From a family tree / genealogy point of view – having computer access to mountains of data makes searching for information so much easier than it used to be. Now, there is also something satisfying about traveling to a given location and finding the original paper records, or walking an old graveyard and finding tombstones that tell a story about the people who lived in that community. Ideally you want to combine all of these approaches to have a rich experience about exploring a family history.
While you can use ancestry.ca for free, the real value is access to the trove of data they have available. To get access you pay a monthly fee – and this is fair – running a website (even this one) isn’t free. But what do you charge people? It’s pretty variable, it depends on some fix costs – but there are many other variable costs, and coming up with a fair number is hard.

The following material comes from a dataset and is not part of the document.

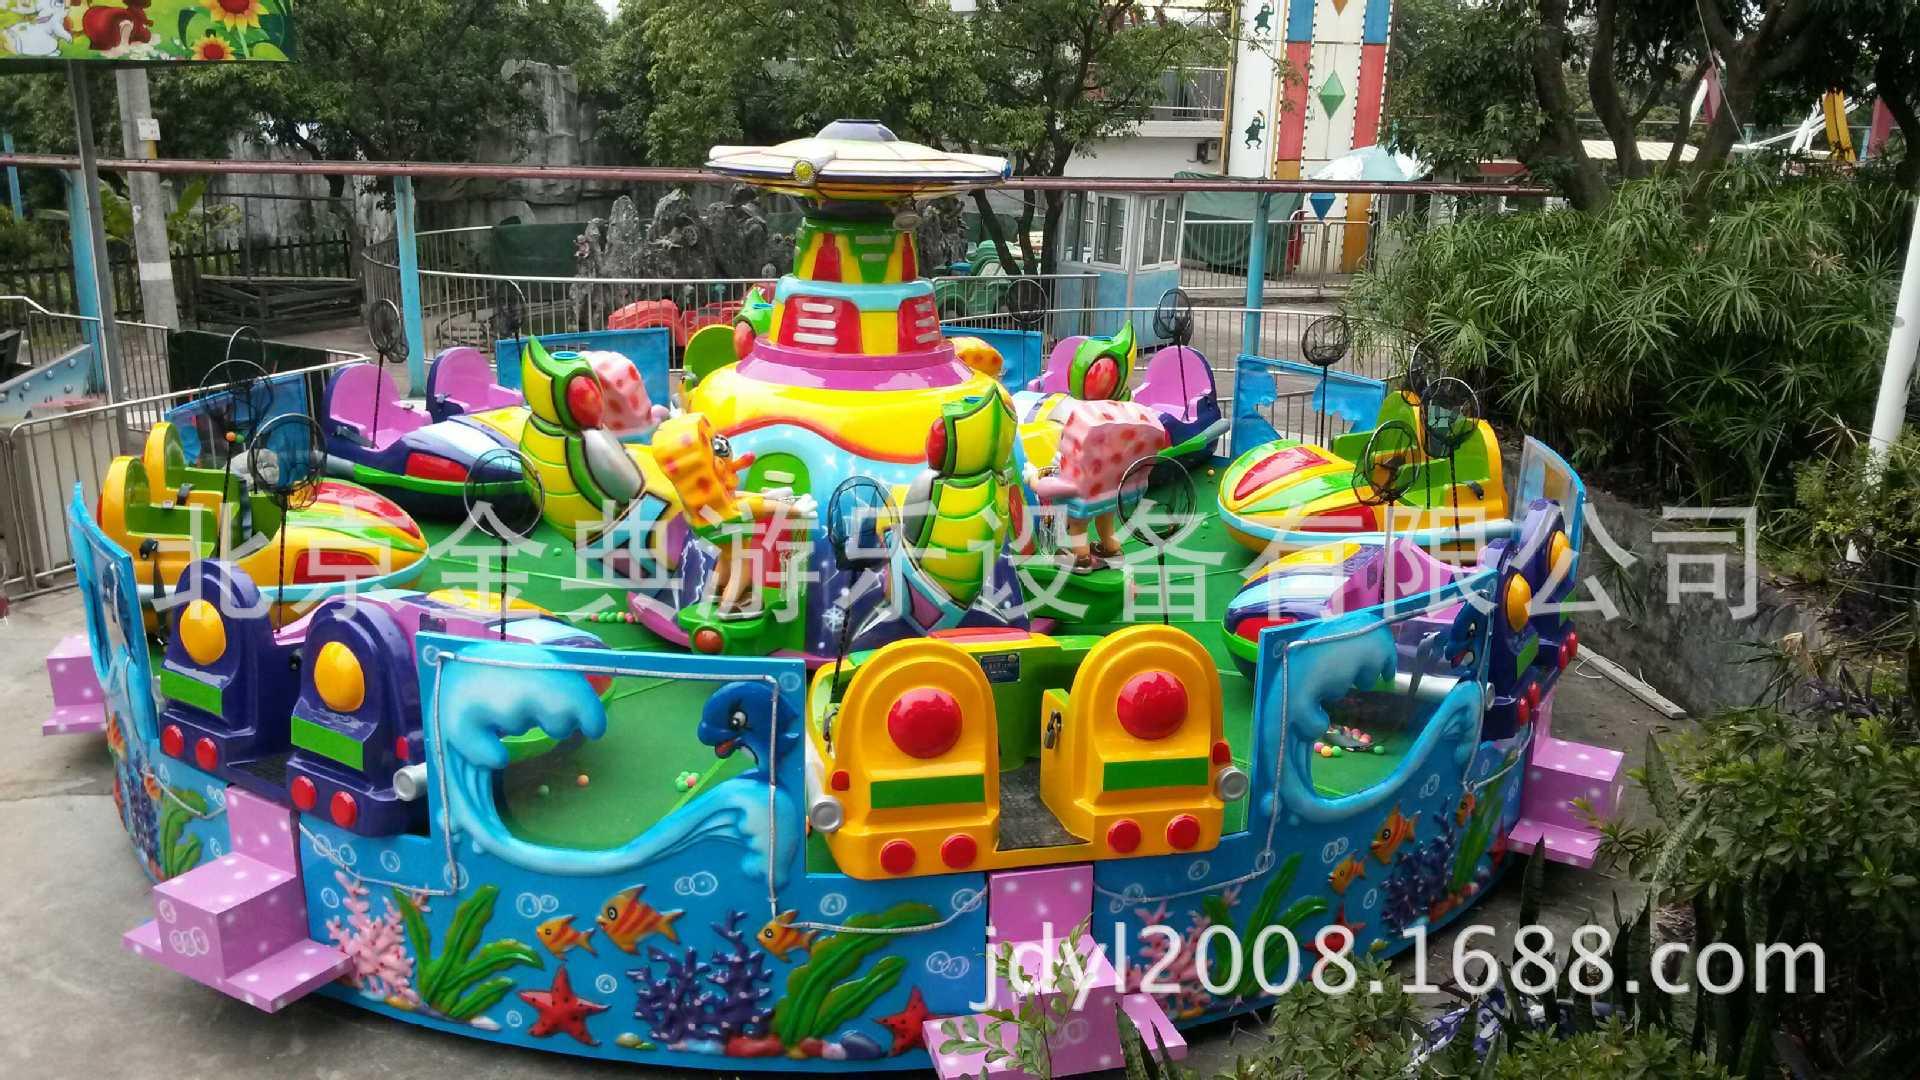 儿童游乐设备 亲子游乐设备 商场游乐设备 五彩魔幻球示例图2
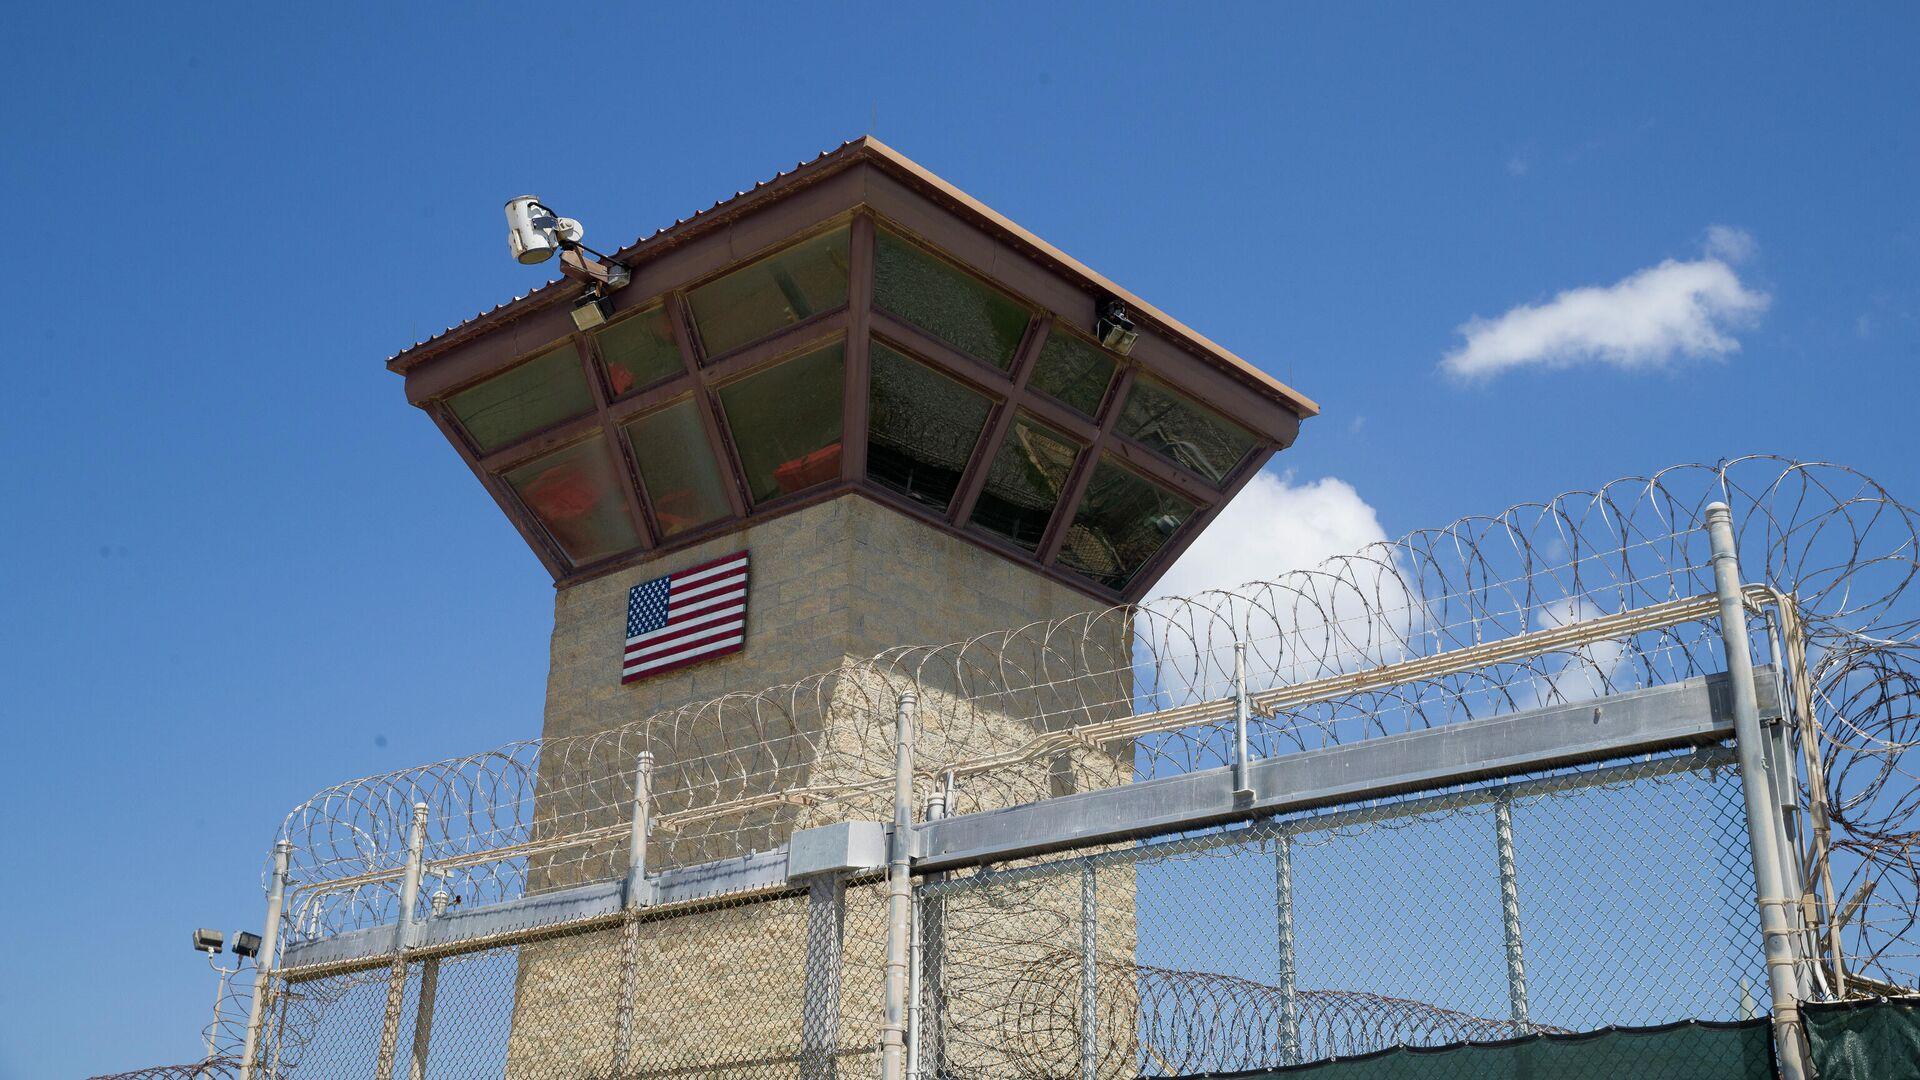 Torre de control del Campo 6 del centro de detención que tiene en la Bahía de Guantánamo - Sputnik Mundo, 1920, 05.04.2021

Of course with marketing you also want to set a fixed price, but offer deals to encourage customers to make the leap from fee to paying. Here is where I struggle with the approach when those discounts move around dynamically.
A gift membership seems like a great way to get someone started. However, this is what you get if you want to go down that path
Two plans, and either 6 or 12 months.
Contrast this with what just subscribing offers you
Ok, well – there is a lower plan that is significantly cheaper if we consider a 12 month plan. So maybe a good gift is that “All Canadian Records” version. That was my plan – and so I printed out the website page and said – hey, here you are I will gift you the 12 month lowest tier plan.
Then weirdness started. The first attempt to take the logged in ancestry account and subscribe landed at a page that offered up a different price.
Wait, what? Where did my 12 month option go? This is not nearly as good a deal. Let’s grab another computer and visit the site to see what’s going on.
Great, now we only see a monthly price? No more multi-month discounts?
Of course, the next thing I do is start trying different browsers. I get a variety of the 3 possible choices all captured above. However, I’m still struggling to figure out how do I purchase the right “cheap” one of $119.88 / year?
In the end, I kept creating new incognito windows in Chrome until I got the right price. This actually took a bit of trying as mostly I was getting only the 6 month option. Once I got the right price I clicked on the “Become a Member” button, and signed in on that window. As I worked through the credit card payment page, it seemed – yes, I was paying for the right $119.88 price – my total was +tax, and it went through on my credit card at that price. Problem solved.
This does make me wonder, how would a normal person do this? A gift membership would push people to a higher level plan (and extra $60/year). If they got only the monthly cost ($14.99) that stacks up to an $60.11/year. The 6-month plan is an extra $20.10/year. From a yearly price point – the cheapest gift membership is 50% more expensive; monthly payments also work out to 50% more expensive, and the 6-month option is 17% more expensive.
Just like casinos, the house always wins with algorithmic pricing. This type of pricing makes me less (and likely many others) less likely to actually buy things from companies that do this. I value the service they are providing, but I want to pay a fair price – not one that is a roll of the dice.